Whenever you go out shopping, whether it is for food, clothes or general items, whatever you buy ends up in some sort of shopping bag. Supermarkets tend to have plenty of thin plastic bags, or you can buy reusable bags which can either be durable plastic or canvas. Designer shops and chain stores can offer paper bags, with their designer logos, advertising them as biodegradable. But which type of shopping bag is best to use from an environmental point of view?
Environmental Problems with Plastic Bags
The thin plastic bags are well known for their detrimental impact on the environment. Plastic bags traditionally are not biodegradable and end up in landfill, where they take over a century to break down, if they do so at all. Plastic bags can also escape, blown everywhere in the wind as they are so light, causing littering in hedgerows, trees and anywhere they can catch on objects. In aquatic or marine environments, plastic bags have been swallowed by fish, birds, whales and seals with disastrous consequences. The number of plastic bags used worldwide is huge. Approximately five hundred billion to one thousand billion plastic bags are used and then thrown away after just one use each year. That equates to 60 million every hour.
Paper Bags – Not Too Ecofriendly
The good thing about paper bags is that they break down easily once they have been used and discarded. Paper bags that go into landfill biodegrade quite quickly and their disposal is nowhere near as difficult as for plastic bags. Unfortunately, the cost of producing paper bags in terms of energy usage and environmental impact is quite high.
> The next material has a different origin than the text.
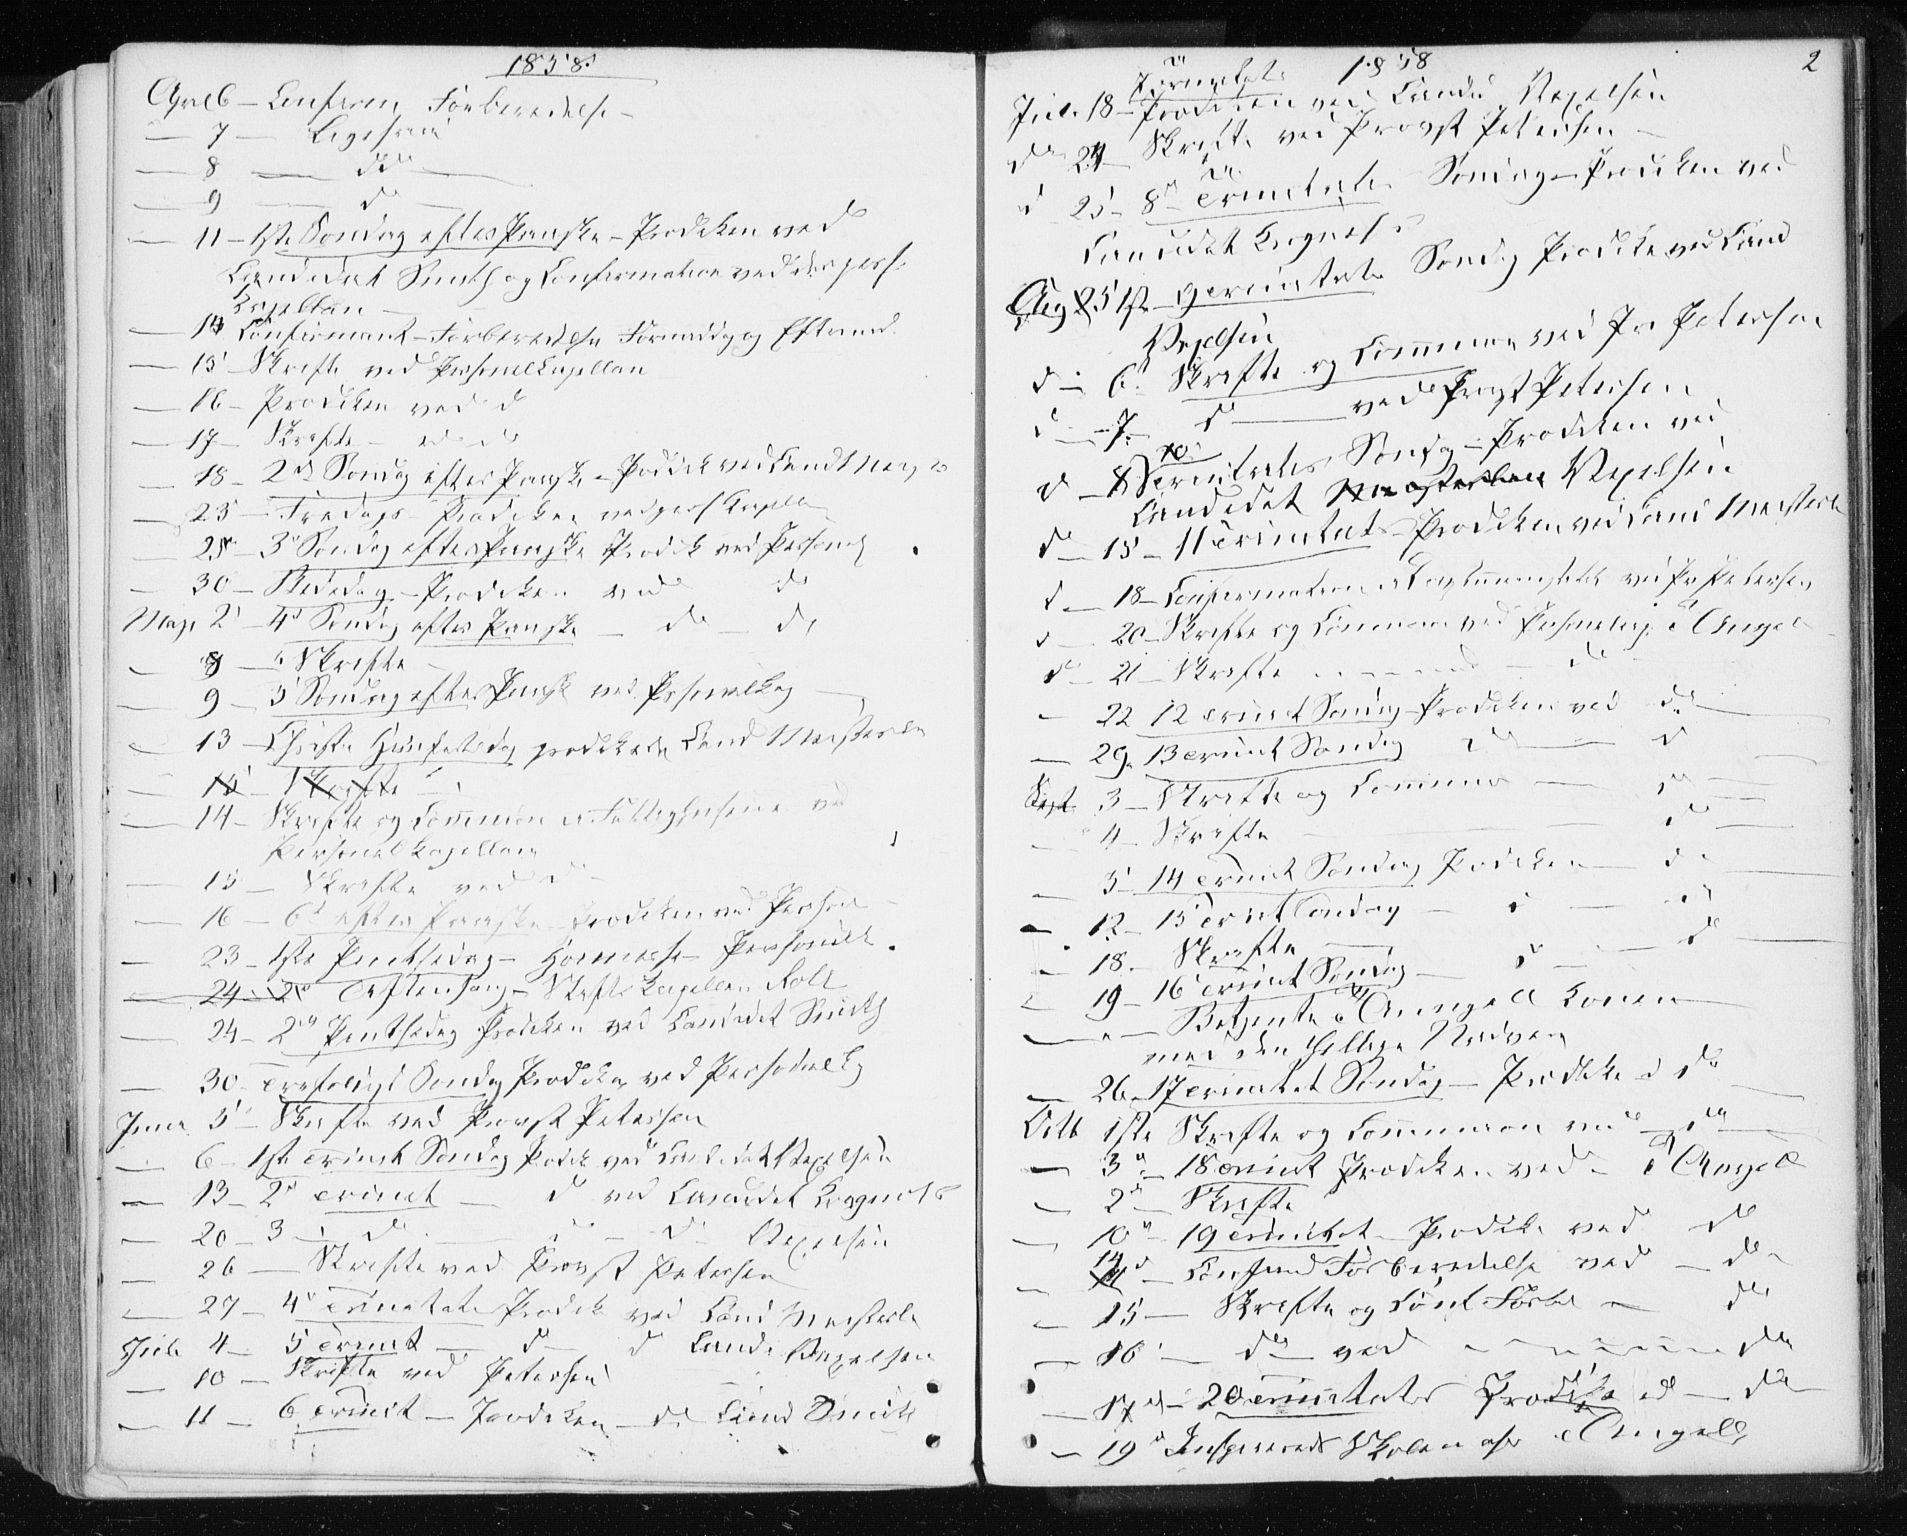 SAT, Ministerialprotokoller, klokkerbøker og fødselsregistre - Sør-Trøndelag, 601/L0053: Parish register (official) no. 601A21, 1857-1865, p. 2

Paper requires wood from trees and the demand can be quite great. It is possible to use sustainable wood, but the energy used in the manufacture of paper bags cannot be avoided.
What About Resusing Bags?
One of the best solutions seems to be to reuse bags. This doesn’t really mean using a flimsy carrier bag twice or three times, as they rarely hold out that long. The real alternative is to use the plastic bags that are far more robust that are able to be used dozens if not hundreds of times. Most of the major supermarkets make their own and have branding messages and logos on the outside and these sell for about 5p per bag.
Buying several is very low cost and these can then be used to pack up an entire weekly shop for a family, week after week. The cost of manufacture of such bags is higher than a simple plastic bag, but this is spread over the many uses of the bag, so becomes negligible compared to disposable plastic or paper shopping bags.
What About Recycling Shopping Bags?
Another solution to make shopping bags more ecofriendly is to make them from materials that are more biodegradable. Plastic bags are now available that do biodegrade more quickly. Some of the best are made from plant materials and break down in landfill in between four and six weeks. This type of bag costs more per unit to make that the traditional disposable plastic bags but cost less in terms of pollution and environmental impact.
What About No Shopping Bags?
In the UK, the last 15 years has seen the establishment of shopping deliveries by several leading supermarkets. Shop and drop services now offer the option of ordering shopping without any shopping bags. Deliveries are made within plastic crates and unloaded at the door ready to put away. This avoids all shopping bags and, as several loads of shopping are delivered in the same van, there is less transport involved compared to several families using their own car to do the weekly shop.
Other Environmental Considerations
As well as giving careful thought to the type of bags that you put shopping in, it is also worth thinking about the type of shopping you are buying. There is a great advantage from an environmental and energy usage point of view to buying locally produced food and products rather those that are imported. The carbon footprint of locally sourced root vegetables is much smaller than fresh exotic vegetables brought over by plane from Africa, South America and elsewhere.